-- Opening Marker --

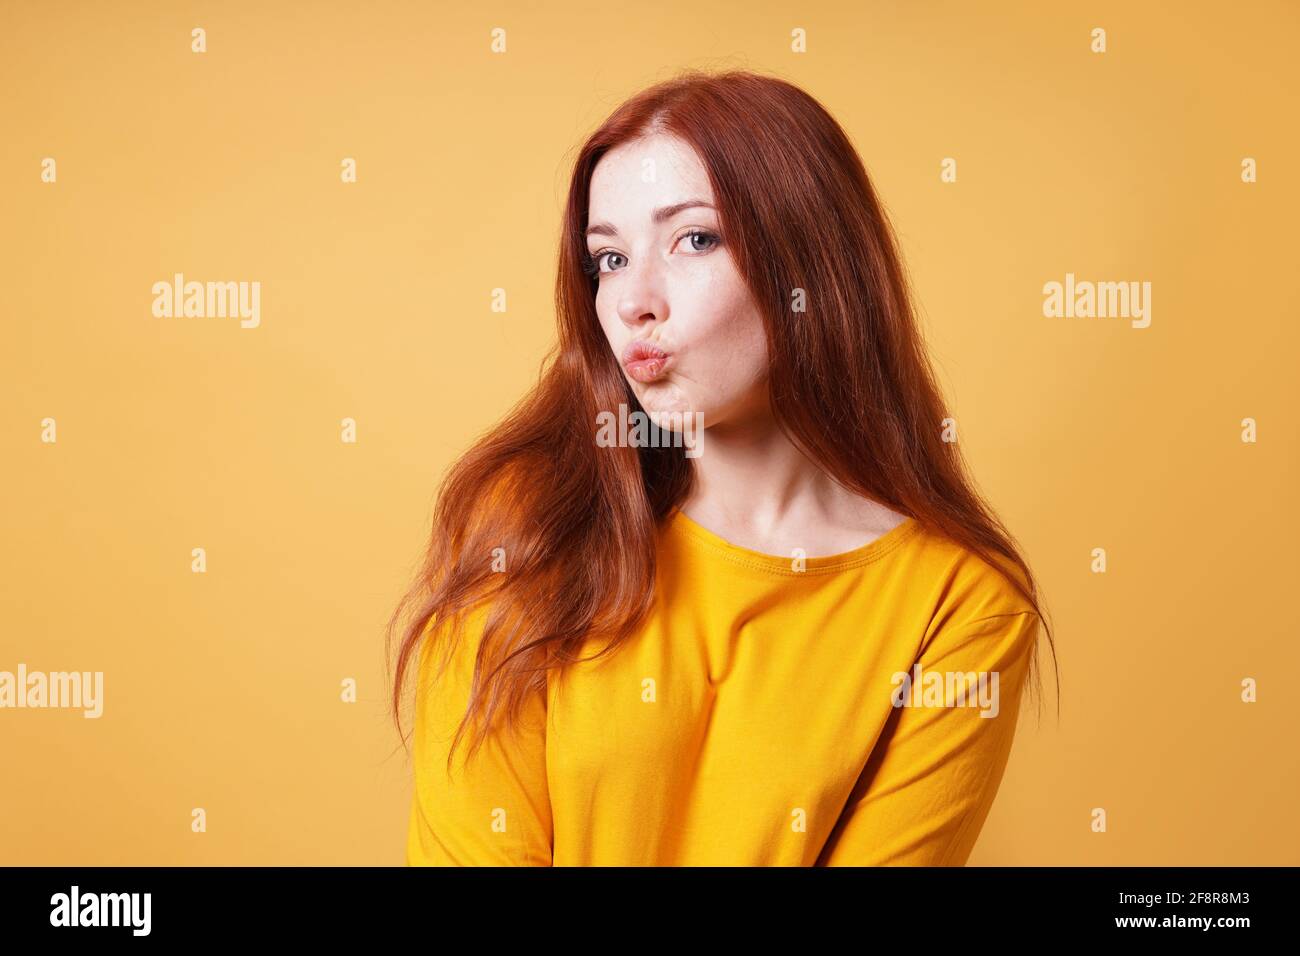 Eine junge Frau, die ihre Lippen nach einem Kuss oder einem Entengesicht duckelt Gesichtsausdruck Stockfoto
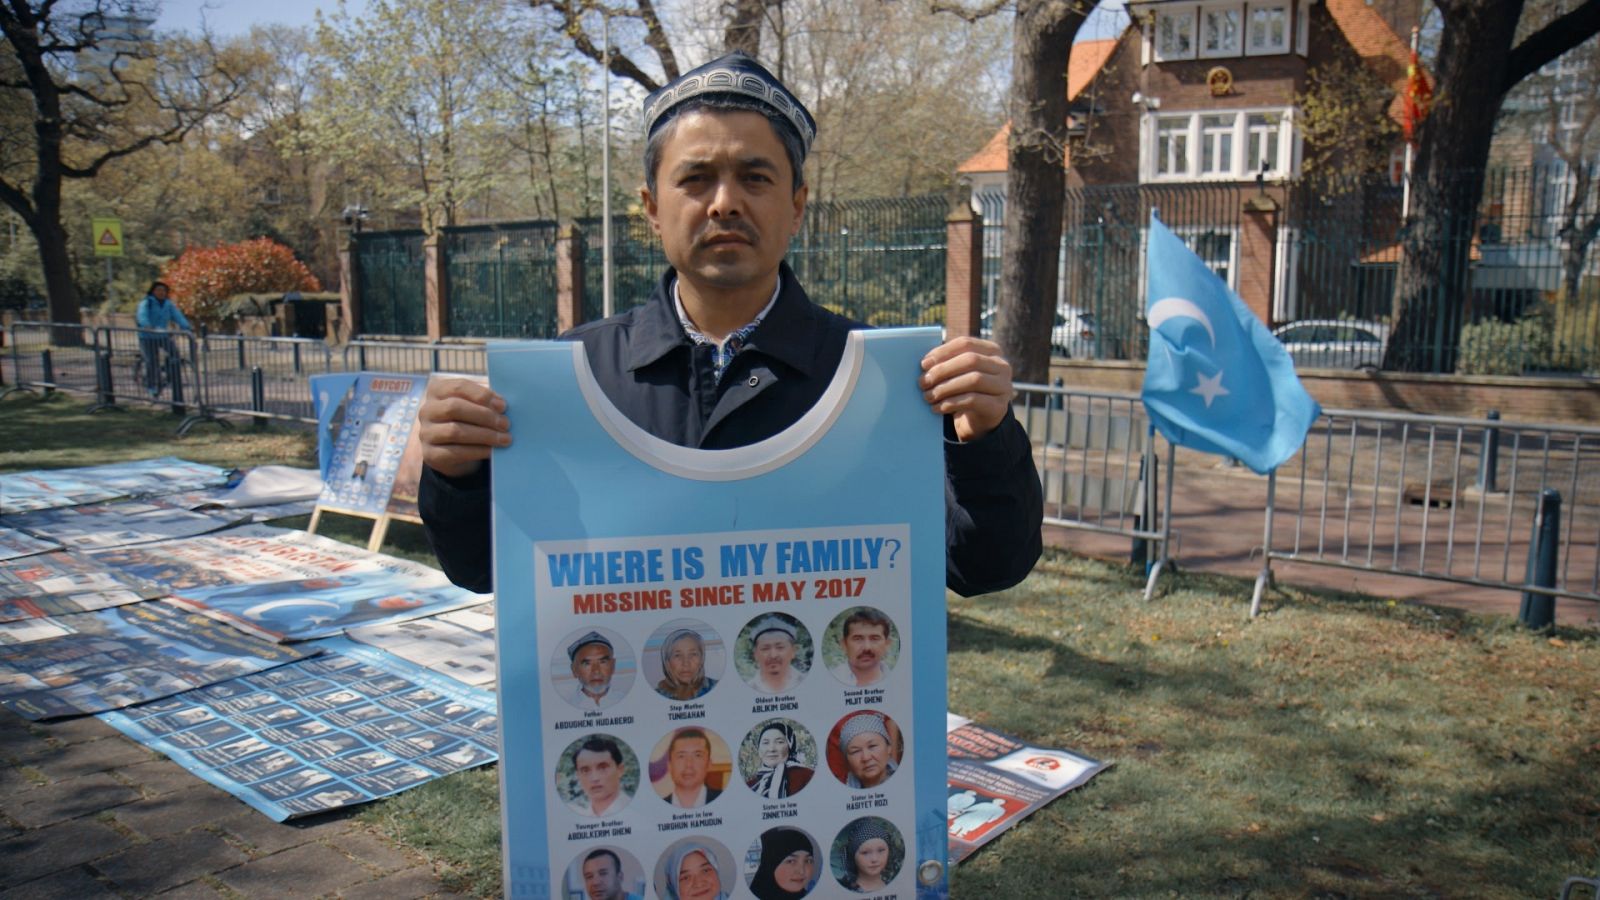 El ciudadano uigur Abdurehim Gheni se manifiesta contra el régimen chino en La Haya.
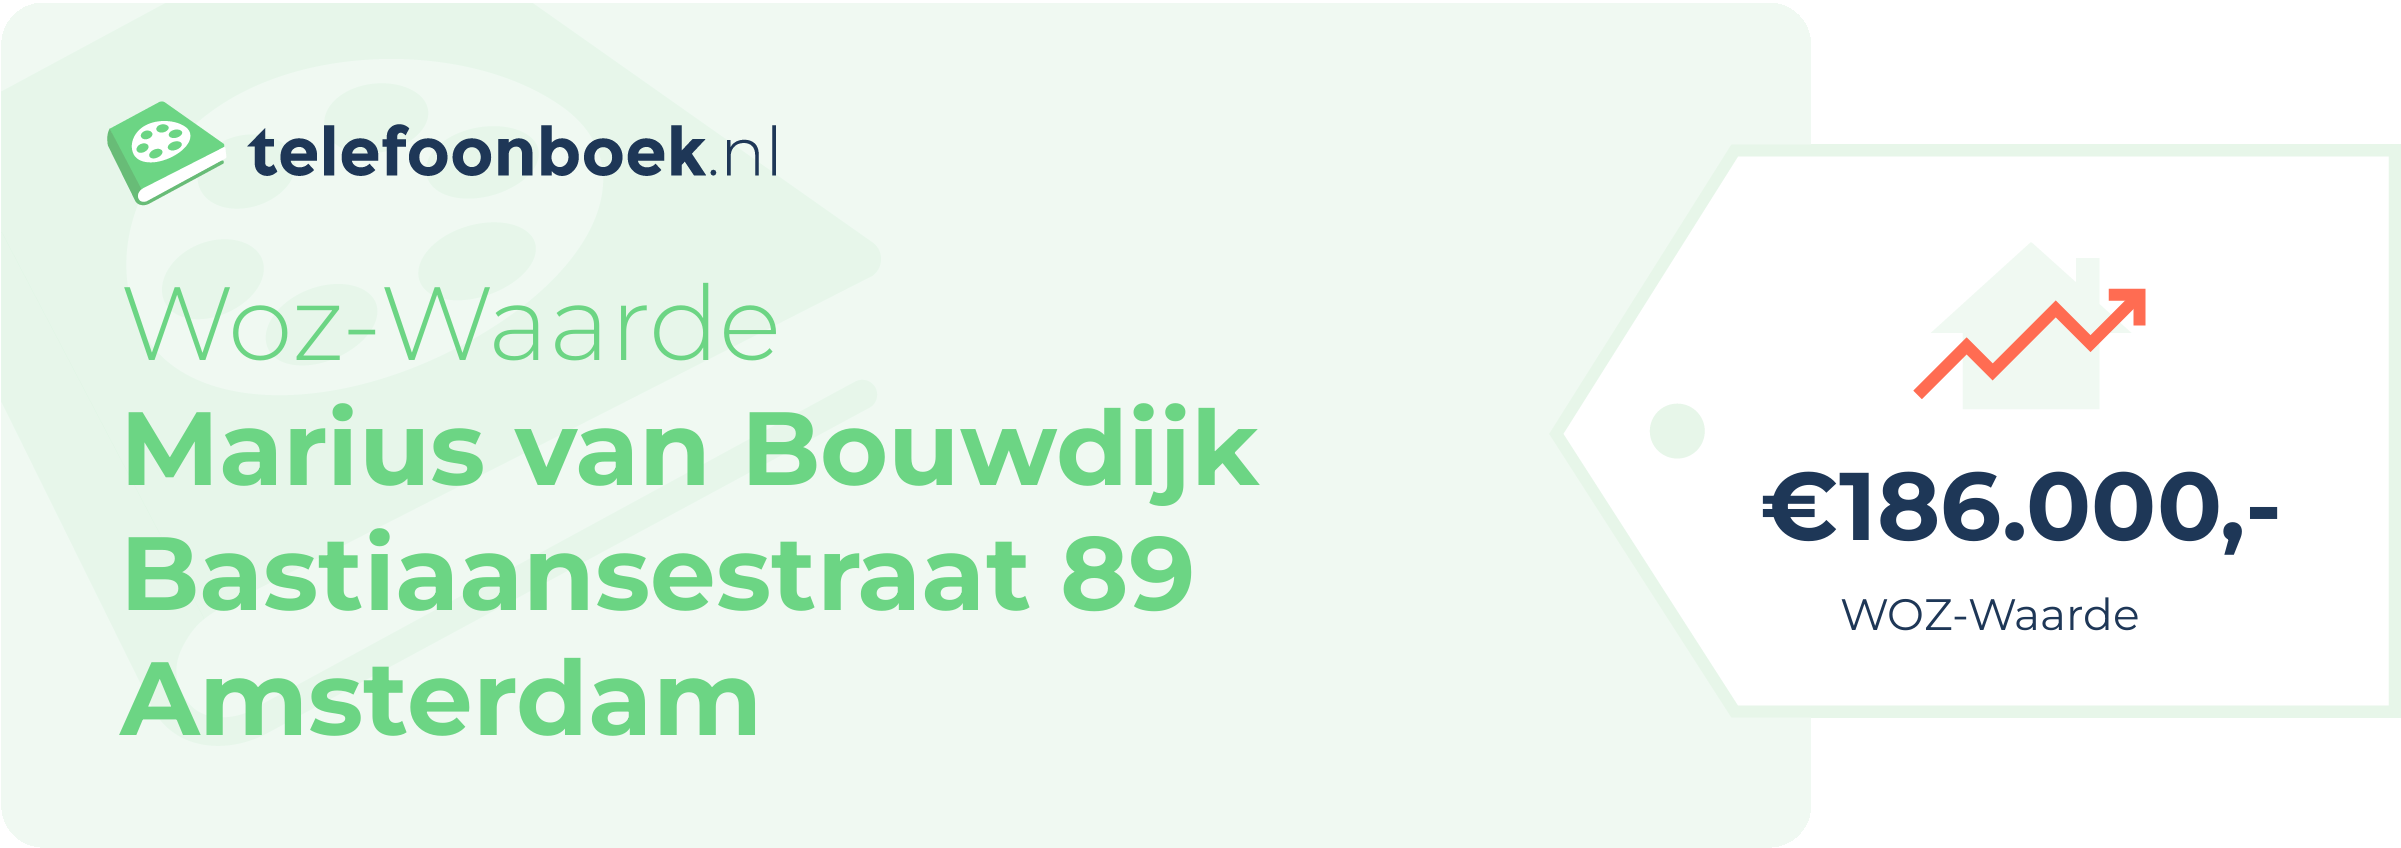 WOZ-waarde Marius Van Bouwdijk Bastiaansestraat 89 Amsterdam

-- Closing Marker --

> Description of the task: Set down the whole listing word for word, omitting the pictures.

> Your response:
 Eine junge Frau, die ihre Lippen nach einem Kuss oder einem Entengesicht duckelt Gesichtsausdruck Stockfoto
 El ciudadano uigur Abdurehim Gheni se manifiesta contra el régimen chino en La Haya.
 WOZ-waarde Marius Van Bouwdijk Bastiaansestraat 89 Amsterdam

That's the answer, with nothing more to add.